Жестокие игры - Стивотер Мэгги - Страница 55
- Предыдущая
- 55/83
- Следующая
— Полагаю, — говорит Шон все так же тихо, — весьма мудро с твоей стороны скакать на собственной лошади, Пак, пусть даже это обычный островной пони. Лучше, когда твое сердце принадлежит тебе самому.
Мэтт Малверн громко произносит:
— Я думал, он больше.
Он вскакивает на Корра, хотя Принс продолжает держать повод. Один из мужчин встает между Корром и морем, раскинув руки, как будто изображает забор. Мэтт свешивает вниз нога и смотрит на землю, словно малыш, забравшийся на пони.

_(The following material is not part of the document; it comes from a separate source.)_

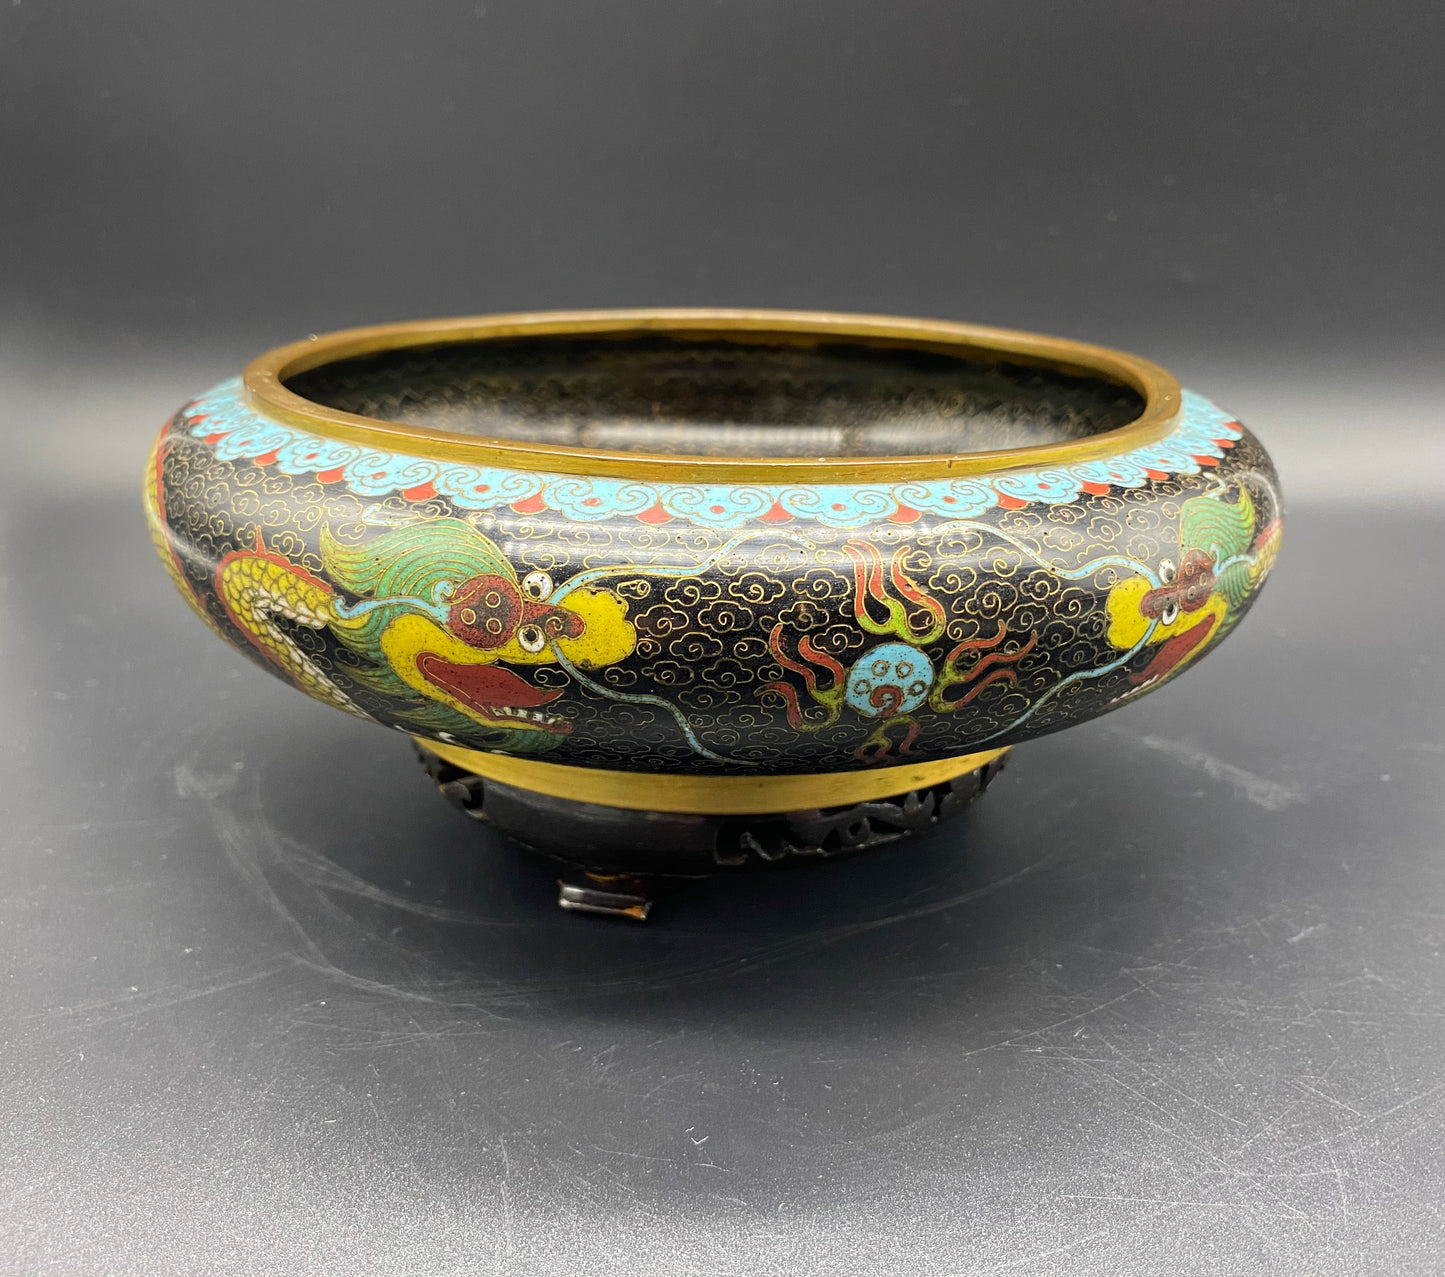 Chinese cloisonné and Japanese cloisonné, look closely at the surface. Generally, Japanese cloisonné looks glassy because of the grinding and buffing process used to produce it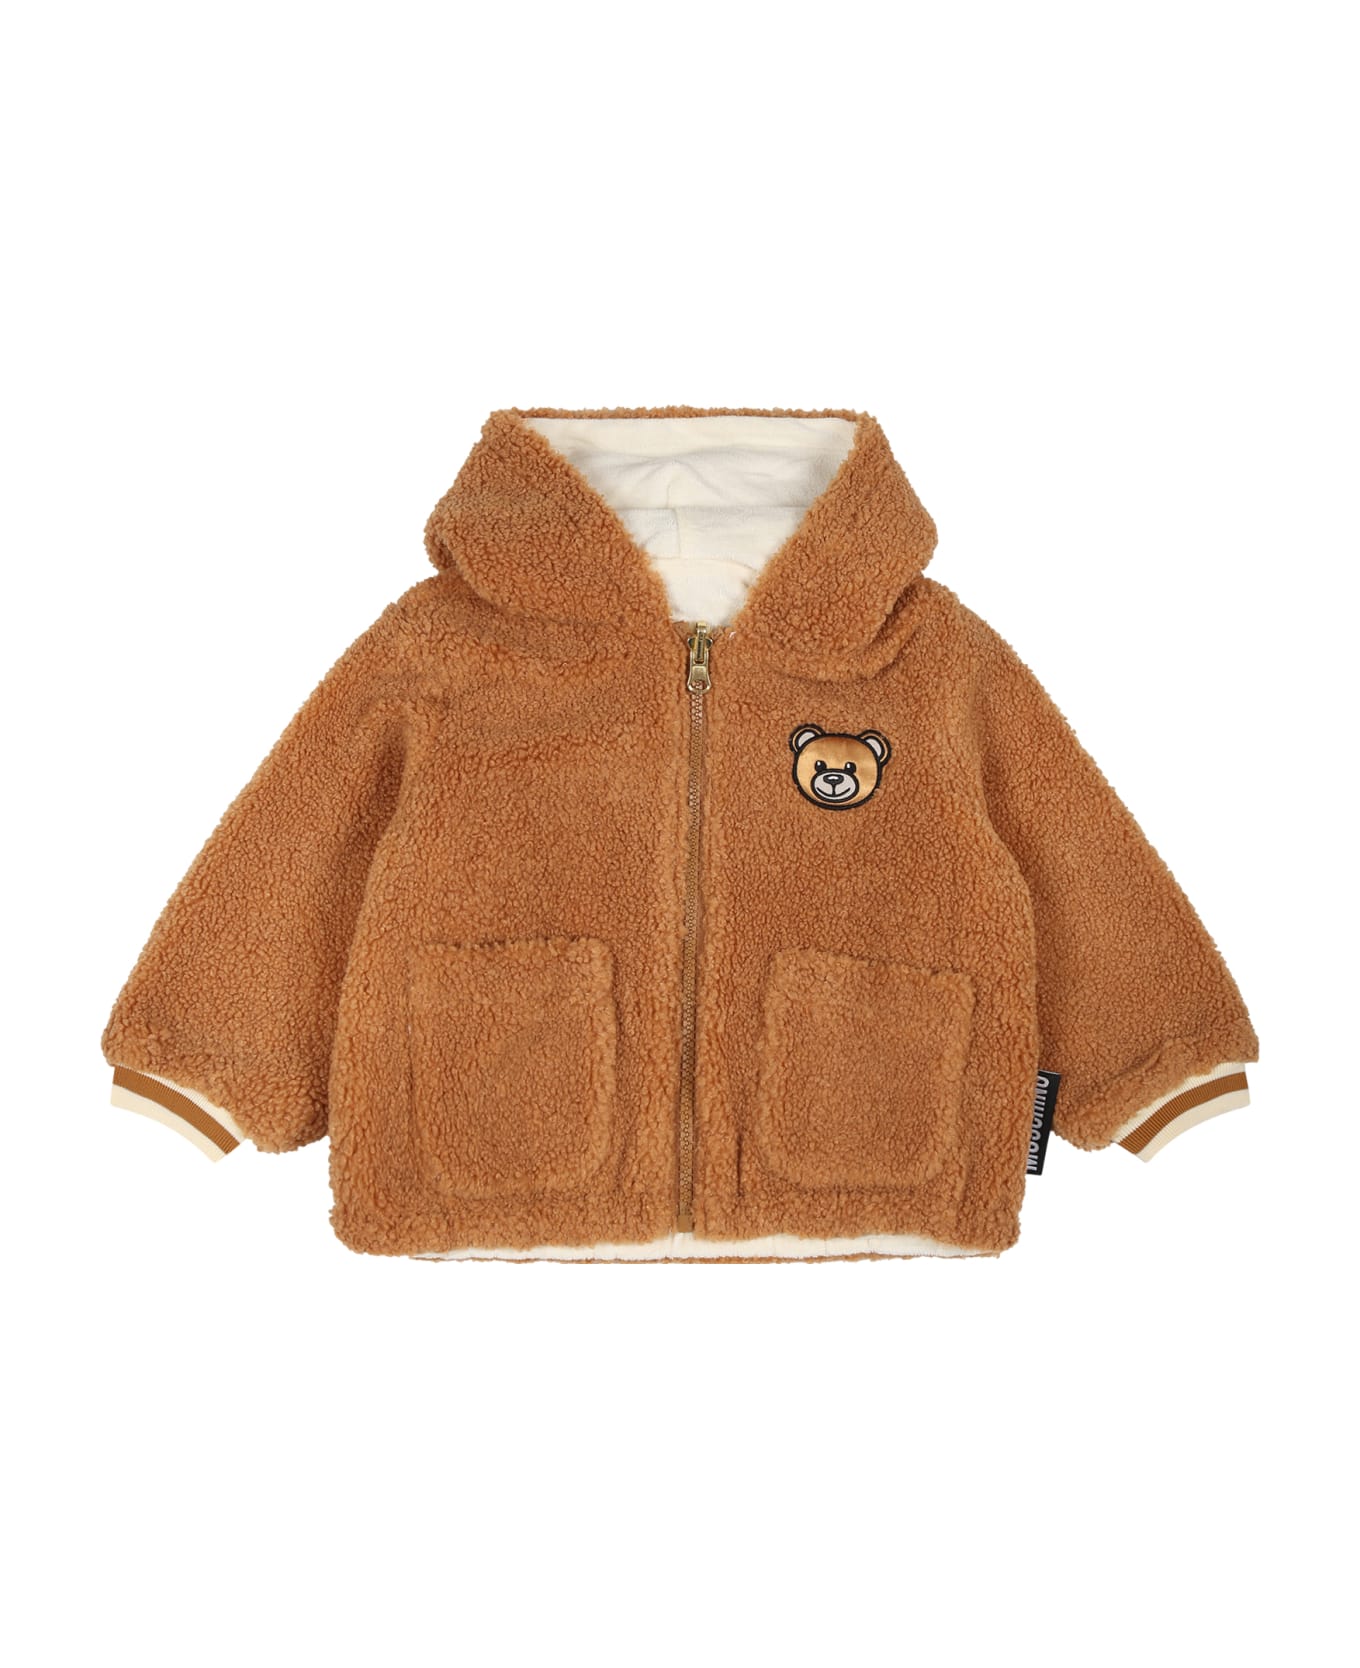 Moschino Brown Coat For Babykids With Teddy Bear - BEIGE

— Это подарочек Мэтта Малверна, — говорит Шон, и в его словах столько горечи, что я ощущаю ее на собственном языке. — Но во всем виноват только я.
Я пытаюсь придумать, как его утешить. Впрочем, я даже не знаю, ищет ли он утешения. А сама я хотела бы утешения в такой момент? Ну, если бы меня заставляли есть сажу, мне бы хотелось знать, что еще кому-то в мире приходится ее есть и кто-то еще чувствует ее гадостный вкус. И я не хотела бы, чтобы мне твердили: сажа полезна для пищеварения. Ну конечно, под сажей я подразумеваю бобы.
— Может, и так, — замечаю я. — Но минут через двадцать, или тридцать, или через час Мэтту Малверну все это надоест. И он вернется к той чертовой черно-белой твари, которую внес в список рядом со своим именем. А мне кажется, та пегая — достаточное наказание для кого угодно.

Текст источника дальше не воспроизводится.